Советская карательная психиатрия не вызывает ничего, кроме ужаса и отвращения, и врачей вроде Лунца и Снежневского мы, естественно, считаем преступниками. Кто-то из советских эмигрантов сказал, что Лунц ничем не лучше тех врачей, которые проводили чудовищные эксперименты над узниками фашистских концлагерей[537]. Однако Уолтер Райх, профессор психиатрии и поведенческих наук в Университете Джорджа Вашингтона, придерживался другого мнения. В 1982 году он побывал в Советском Союзе и лично беседовал с Андреем Снежневским. Вскоре после этого Райх написал статью в «Нью-Йорк Таймс», где заметил, что «природа политической жизни и общественные представления в СССР таковы, что несогласие и в самом деле кажется там странным, а из-за природы диагностической системы Снежневского эта странность в некоторых случаях стала называться шизофренией»[538]. Иными словами, врачи из Института имени Сербского, возможно, ставили Горбаневской и другим политическим заключенным диагноз «вялотекущая шизофрения» из добросовестного заблуждения: по выражению Райха, они «были искренне убеждены, что диссиденты больны».
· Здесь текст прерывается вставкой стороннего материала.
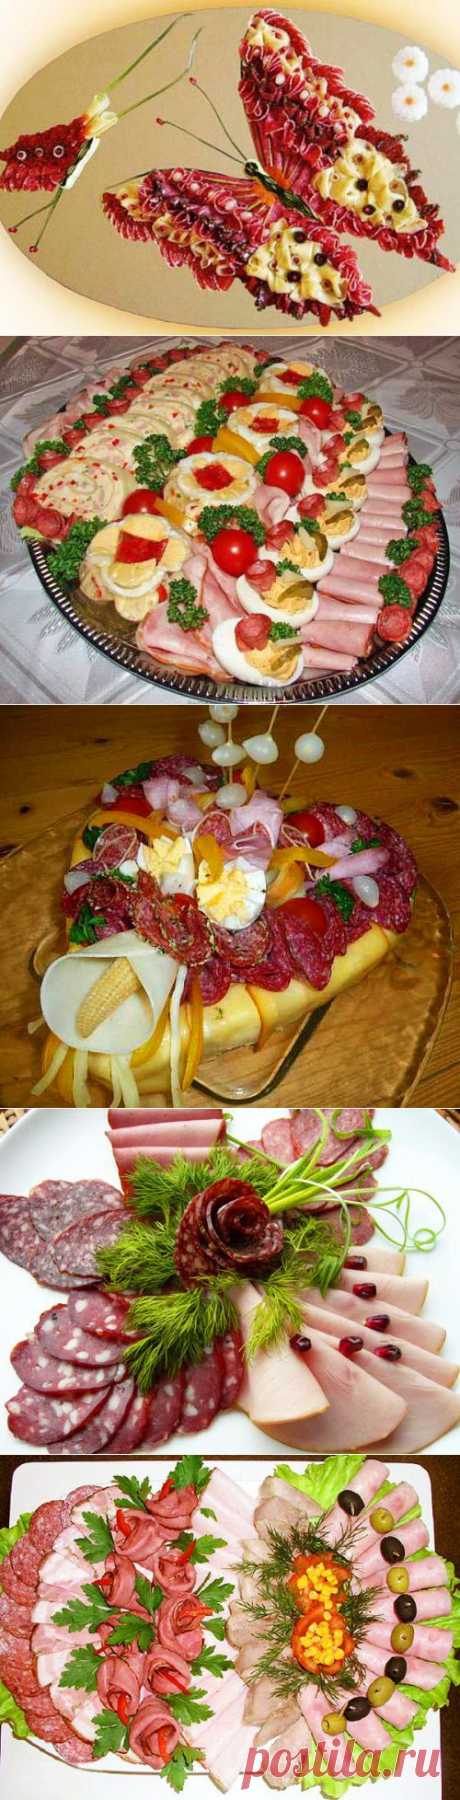 Праздничная нарезка: мясная тарелка. Супер коллекция - Простые рецепты Овкусе.ру

Сама возможность гипотезы Райха свидетельствует, что в концепции душевных болезней как заболеваний мозга есть фундаментальная логическая ошибка: понятие психической болезни по сути своей субъективно. В отличие от многих других заболеваний, где есть возбудитель, нагноение, новообразование или травма, которые можно найти, а можно и не найти, диагноз большинства психических расстройств основывается на мнении профессионала, который выносит суждение, и на принятые в обществе стандарты, которым человек должен соответствовать. Когда-то такие стандарты задавались неформально в виде культурных требований, приличного поведения или морального кодекса, а сегодня в США эталоны душевного здоровья кодифицированы в библии психиатрической профессии – «Диагностическом и статистическом руководстве по психическим расстройствам» («Diagnostic and Statistical Manual», DSM)[539]. Самое последнее, пятое издание DSM составлено международной командой, в которую вошли более 160 специалистов по психологии, психиатрии и общей медицине, а в качестве консультантов привлекли более 300 экспертов из самых разных профессиональных групп и сообществ. Приветствовалась также обратная связь от рядовых читателей[540]. В DSM-5 приведены списки признаков примерно 300 разных психических расстройств, и каждый из них – результат консенсуса отдельных специалистов и групп, работавших над проектом.